After taking office in 2007, she voted in favor of a bill that called for 370 miles of “triple-layered [border] fencing” and 500 miles of vehicle barriers. It also sought to roughly double the number of Border Patrol agents from about 12,000 at the time, adding 11,600 agents over five years. Obama and then-New York Sen. Hillary Clinton also voted for the bill. Sanders voted no. He said in 2015 that he opposed the 2007 bill because it included a guest worker program that would allow too many low-wage workers into the U.S.
Klobuchar said Friday that she took “a lot of heat” during the 2006 Senate race for being too lenient on immigration, saying that almost every ad run against her was about immigration but that her support for immigrants “has not wavered.”
Klobuchar faces a particular challenge because she is not well known in Nevada. That means she has roughly one week to introduce herself to voters and to explain her past positions to people who may be hearing about them, and her, for the first time.
Maria-Teresa Liebermann, deputy director of the progressive organization Battle Born Progress, said Klobuchar’s past positions could have some impact on Nevada voters. While other issues are important, many voters who care about immigration have grown more cynical of all politicians and less forgiving of past mistakes, since the hardened immigration policies of the Trump administration.
“When I heard about it, I definitely thought she’s got a lot to learn and a lot to answer for, especially when she comes to a place like Nevada,” said Liebermann. “That is something that folks may think about” when they vote, she said.
Hector Sanchez Barba, CEO and Executive Director of Mi Familia Vota, a civic engagement organization that backs social and economic justice, called the English-language vote “a huge red flag for our community.”
But Cecilia Munoz, who has worked on immigration issues in Washington for more than 30 years, including in the Obama White House , said supporting additional border security like what was in the 2007 bill was “standard for Democrats and everybody at the time.”
Munoz, who is now vice president of New America, also noted that many Democrats have changed positions on immigration issues over the last decade or more, she said.
“I did not experience Sen. Klobuchar as an English-only zealot. Ever,” Munoz said.
Klobuchar also was a target of criticism Thursday from rival Pete Buttigieg, the former mayor of South Bend, Indiana. Buttigieg is competing with Klobuchar for moderate voters and is also struggling to build support among Hispanics and African Americans.

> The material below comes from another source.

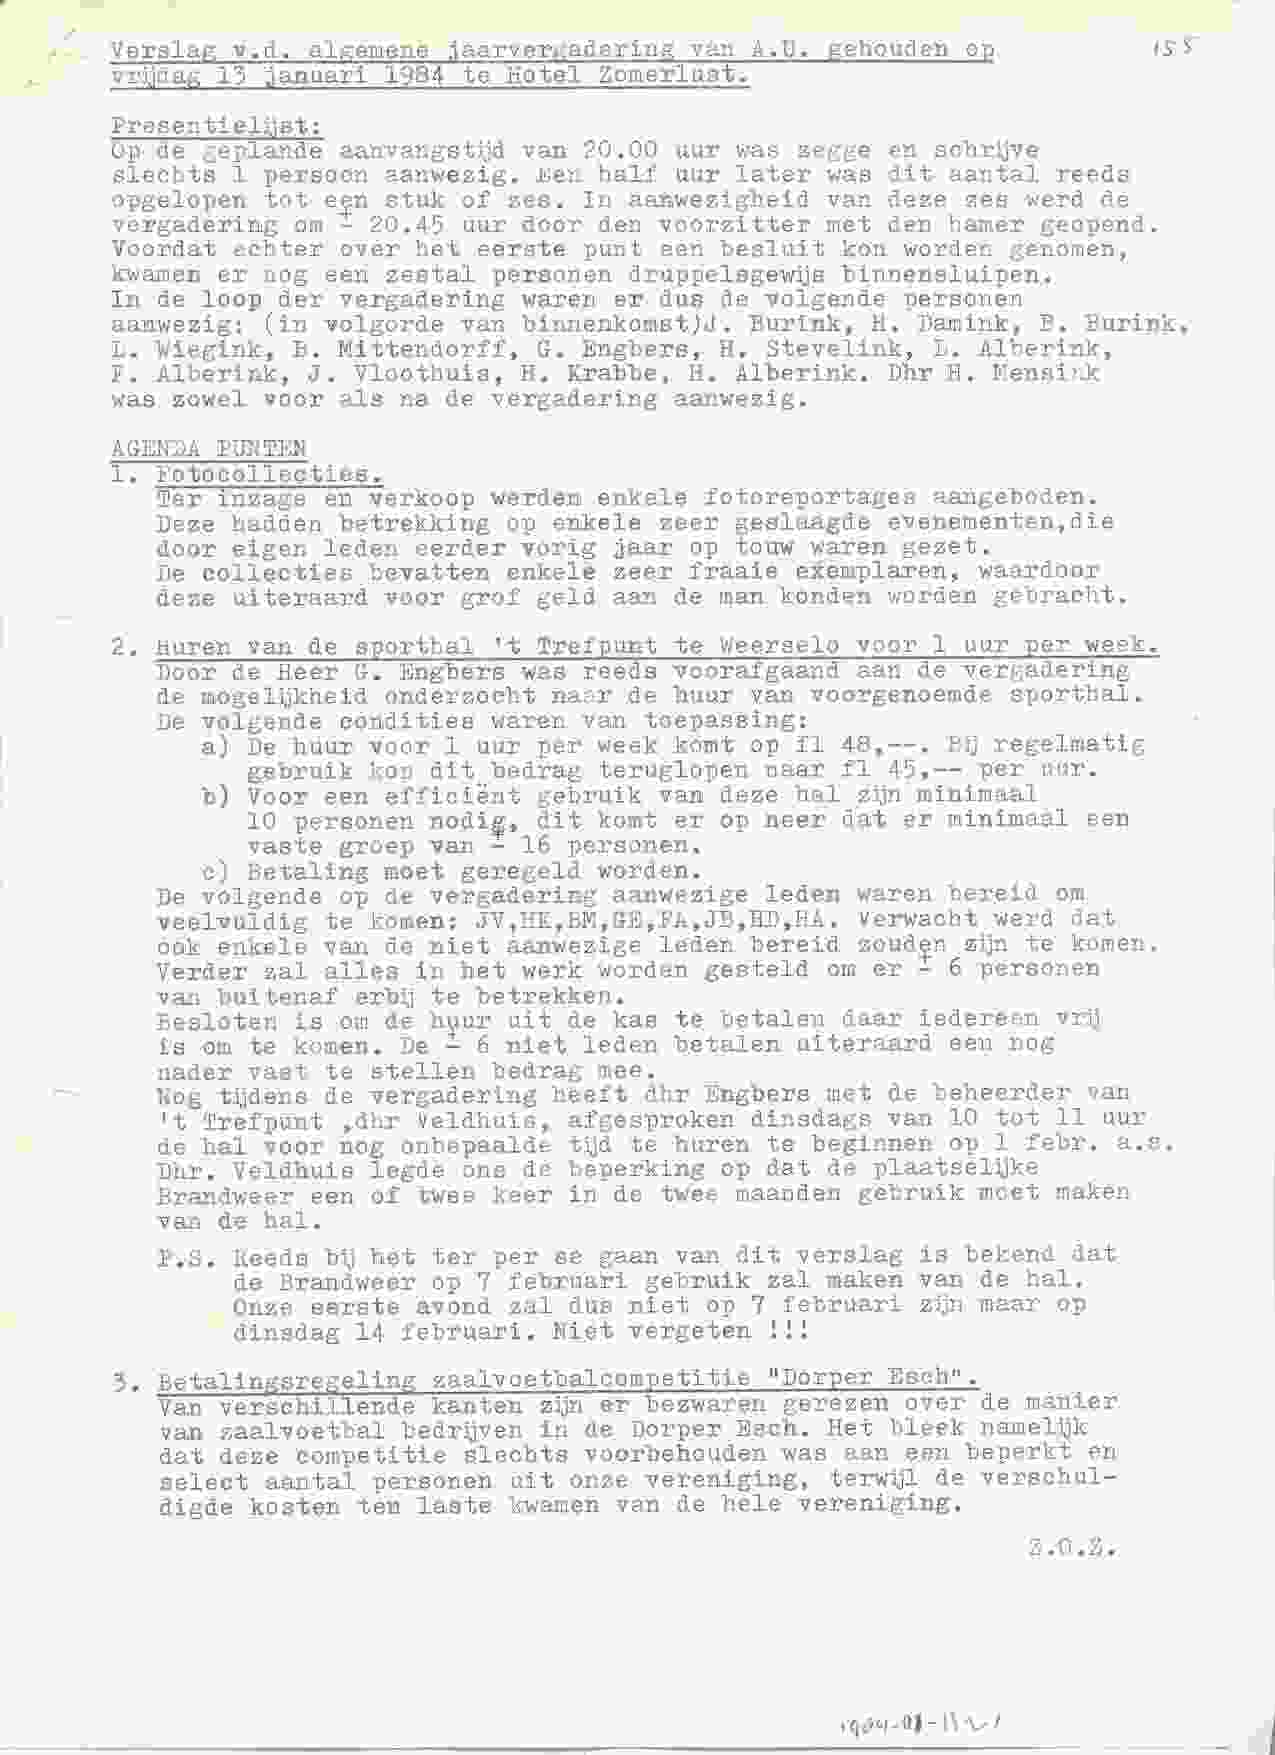 Notulen van de vergadering op 1984-01-13

Buttigieg, who essentially tied for the lead with Sanders in Iowa and finished second in New Hampshire, knocked Klobuchar without naming her for supporting the confirmation of U.S. Customs and Border Protection Commissioner Kevin McAleenan. During McAleenan's time leading the agency, Democrats criticized the Trump administration for separating children from their parents at the border and detaining them in overcrowded facilities with poor conditions.
“I've heard some people say that, you know, my experience is not relevant because you have to have Washington experience in order to become a president,” Buttigieg said during a forum hosted by the League of United Latin American Citizens, the largest Hispanic civil rights organization. “But some of those same voices are among those who voted to confirm Kevin McAleenan as the CBP head who presided over, for example, the horrifying conditions that children were kept in, and we have to look at what kind of judgment that experience has brought.”
Asked Friday about the remarks, Klobuchar said that she disagrees “vehemently” with Trump's border policies and that McAleenan had been recommended by Obama officials and other Democrats — including Nevada Sen. Catherine Cortez Masto — voted for him, too. Sanders and Massachusetts Sen. Elizabeth Warren, another 2020 candidate, voted no.